Data Warehouse Layering Best Practices

This document describes my data modeling and data warehouse layering best practices.

My experience is mostly in VC/PE-backed ventures but I also applied them in large multinational corporations and traditional medium-sized companies.

Screenshot 2025-05-10 at 04.15.37.png

1 Source Layer

Purpose: 1:1 Representation of the Source Data. Comparisons to source systems are always easily possible. No black-box transformation logic.
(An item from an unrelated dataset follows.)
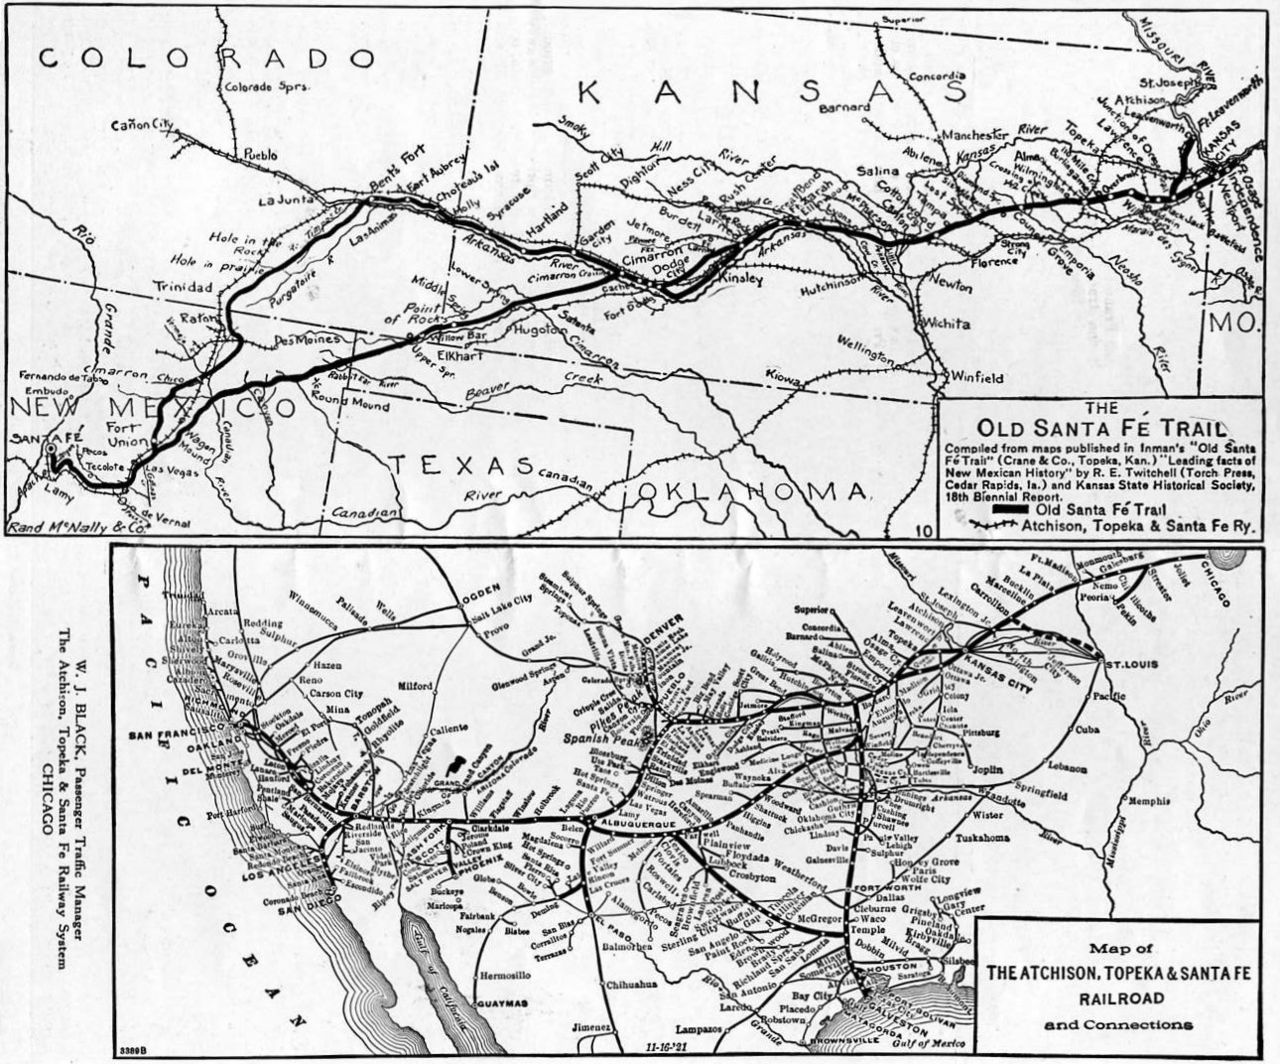 http://upload.wikimedia.org/wikipedia/commons/thumb/1/1d/Santa_Fe_Trail_and_Railroad_map%2C_1922.jpg/1280px-Santa_Fe_Trail_and_Railroad_map%2C_1922.jpg

This is a layer in the DWH that stores all the data in the format the data source “knows it” with as little transformation / as “raw” as possible (ideally no transformations).
Other than the following downstream layers, I separate this layer across several resources in a Cloud Data Warehouse. For example, in BigQuery every Source loads data into tables in separate datasets. This is how the source layer in BigQuery looks like for one of my recent clients:

Screenshot 2025-05-10 at 04.19.37.png

Ideally, at this step, “contracts” between the owner of the data source and the DWH owner are being established and eventually automated. The goal of a data contract is to ensure data quality and preventing downstream data pipelines from breaking by capturing expectations around schema, business logic, SLAs between a data provider (e.g. the IT department) and a data consumer (e.g. BI).
A data contract is an API-like agreement between data producers and consumers, with each constraint enforced programmatically in the developer workflow. It captures expectations around schema, business logic, SLAs, or other forms of data governance.
The enforceability of the contract is its most essential component. It is not simply an agreement on paper - that’s documentation. It’s also not simply a monitor on downstream data sets - that’s a test. The programmatic enforcement is what makes expectations into a contract.
In startups and scale-ups, some components of a Data Contract are optional: as long as there are not dozens of internal data providers, programmatic enforcement and an API-like agreement are not needed.
What is needed though are:
- 1. Documentation of expectations around schema, business logic, SLAs
- 1. Automatic detection when those expectations are violated
1. can be achieved by defining the expectations for example in .yml files in dbt. This .yml file defines the expected schema of the source and also describes simple semantic rules (e.g. definition of Primary Keys, Expected Data Freshness Rules, Definition of expected values, e.g. status names or names for payment methods on which downstream jobs rely upon).
For 2) there will be automated assertions verifying these rules and the source owners have access to the docs that are auto-generated by dbt. In an ideal world scenario, the assertions would already run on the side of the source at compile time but this simple implementation will be a good start and we don’t need anything more complex at this point.
For our example of calculating AOV: The data needed to calculate AOV comes from in our example case comes from Hubspot, Shopware and Stripe.

2 Preprocess Layer

Purpose: Clean up of the Source. Still no business logic.